:: DESCRIPTION OF THE TASK ::
When you transcribe the listing that follows, keep every line exact and omit the pictures.

___ THE DATA

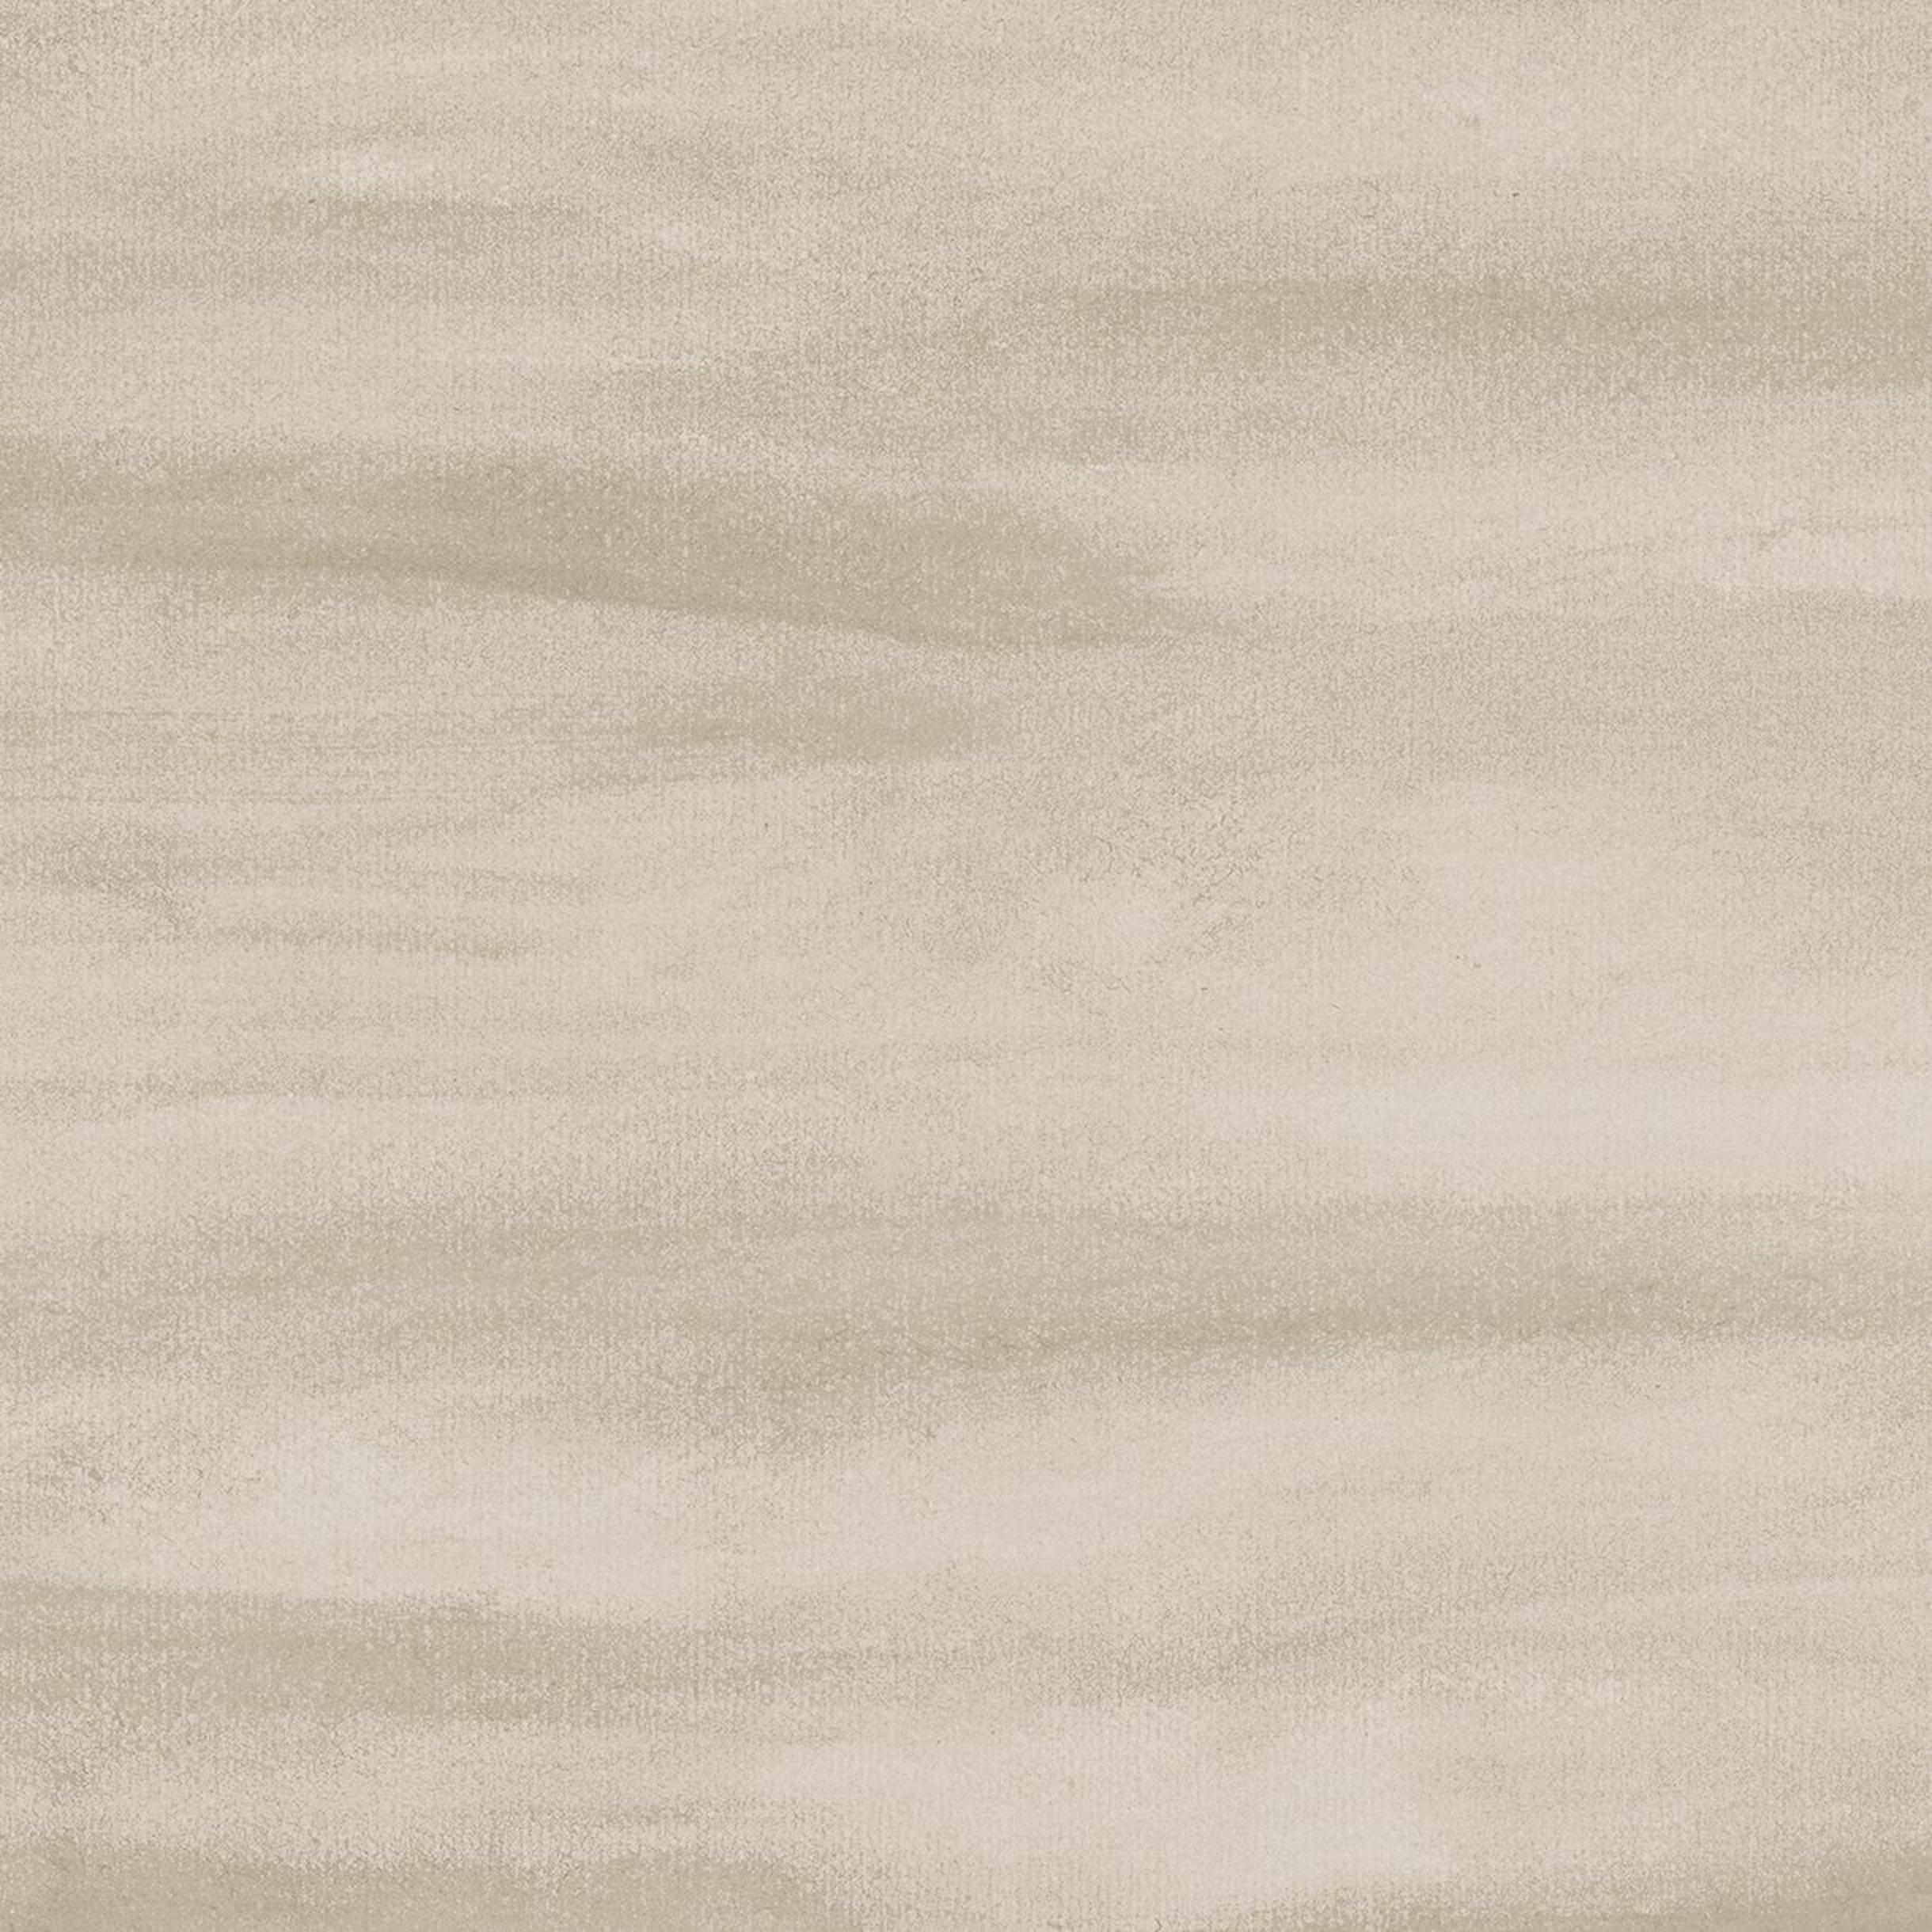 Купить Керамогранит Benadresa Lincoln Rect. Taupe напольный 60х60, Испания
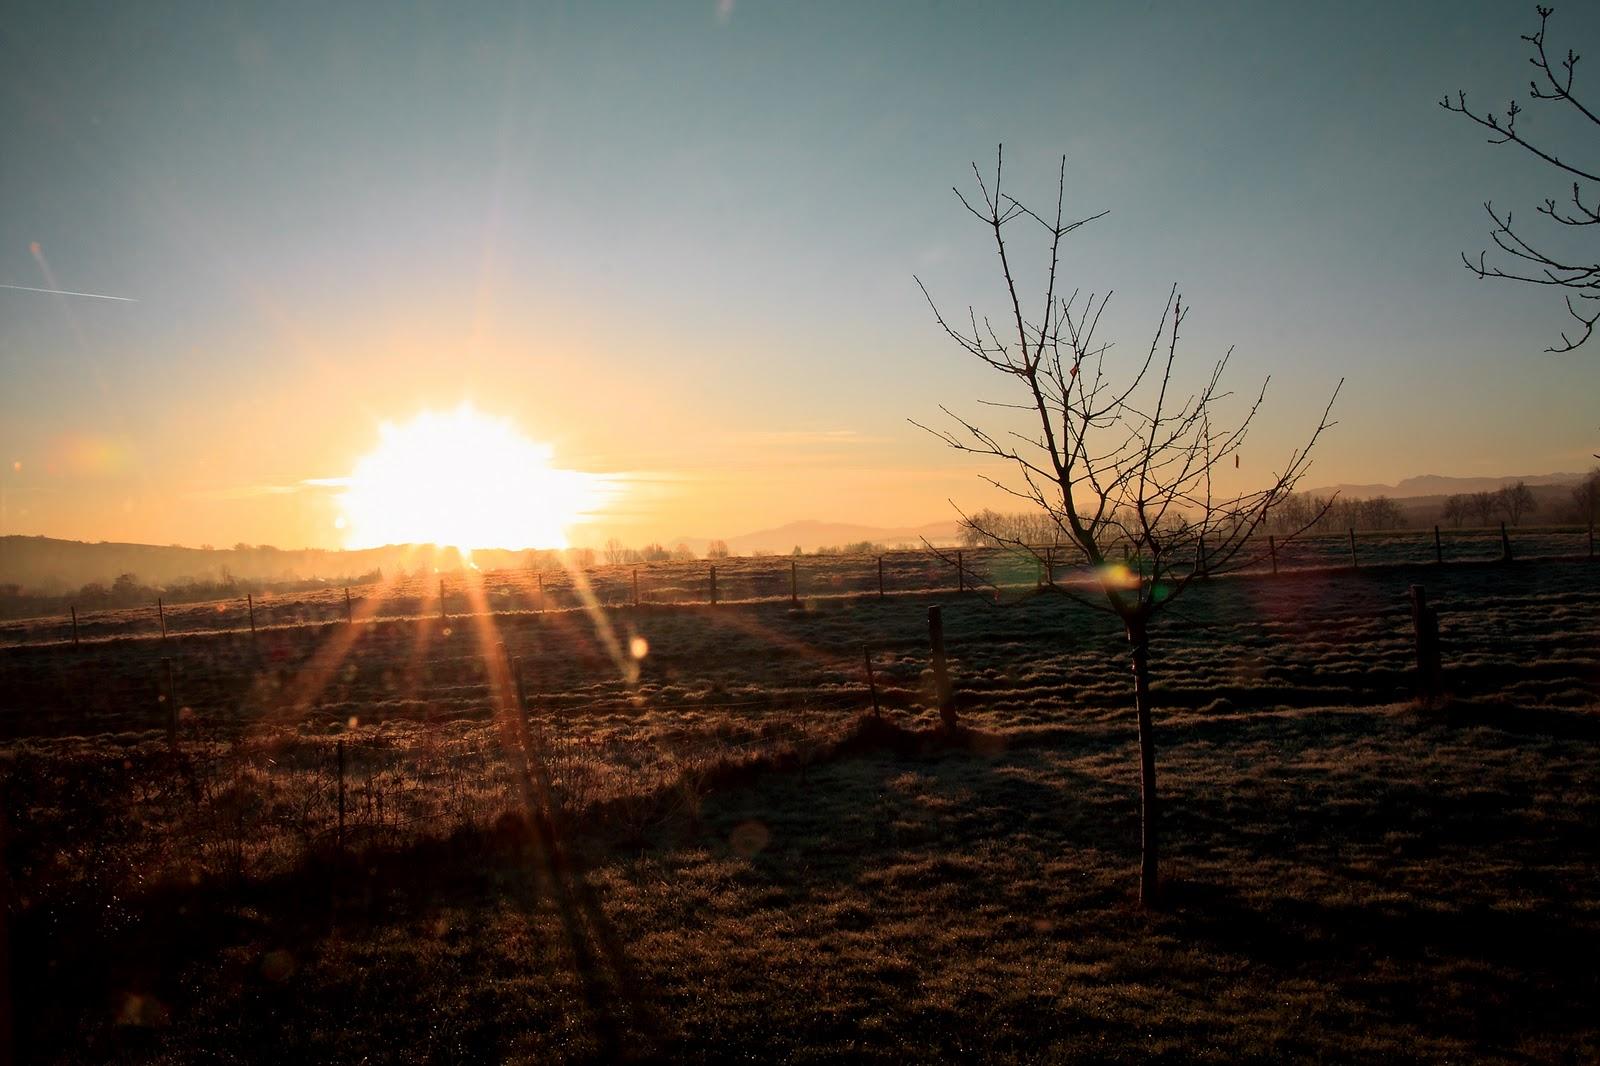 le soleil se leve de quel cote
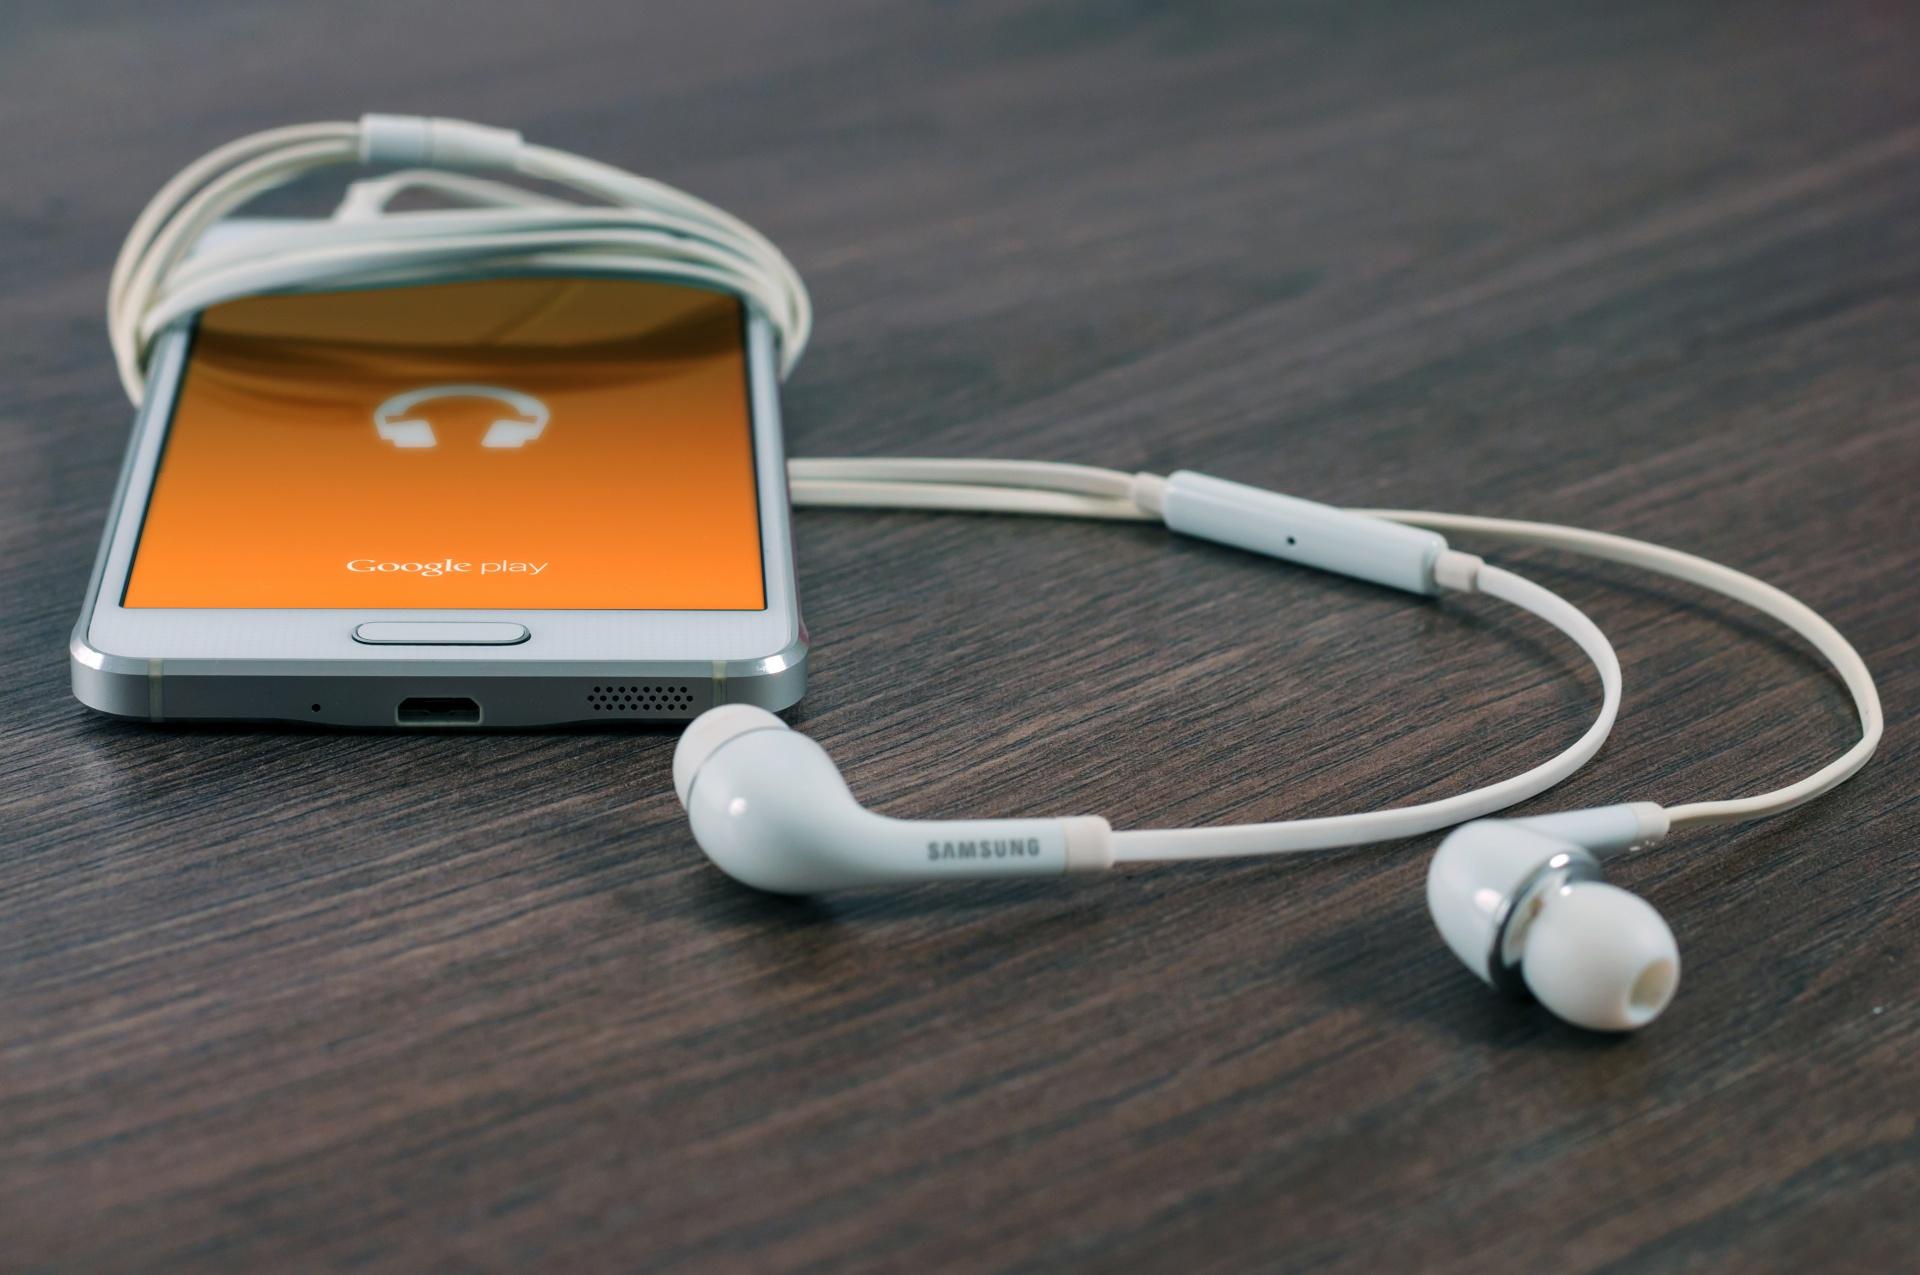 Le smartphone, écran favori pour surfer sur les applications et sites de radio

______

:: EXERCISE RESPONSE ::
 Купить Керамогранит Benadresa Lincoln Rect. Taupe напольный 60х60, Испания
 le soleil se leve de quel cote
 Le smartphone, écran favori pour surfer sur les applications et sites de radio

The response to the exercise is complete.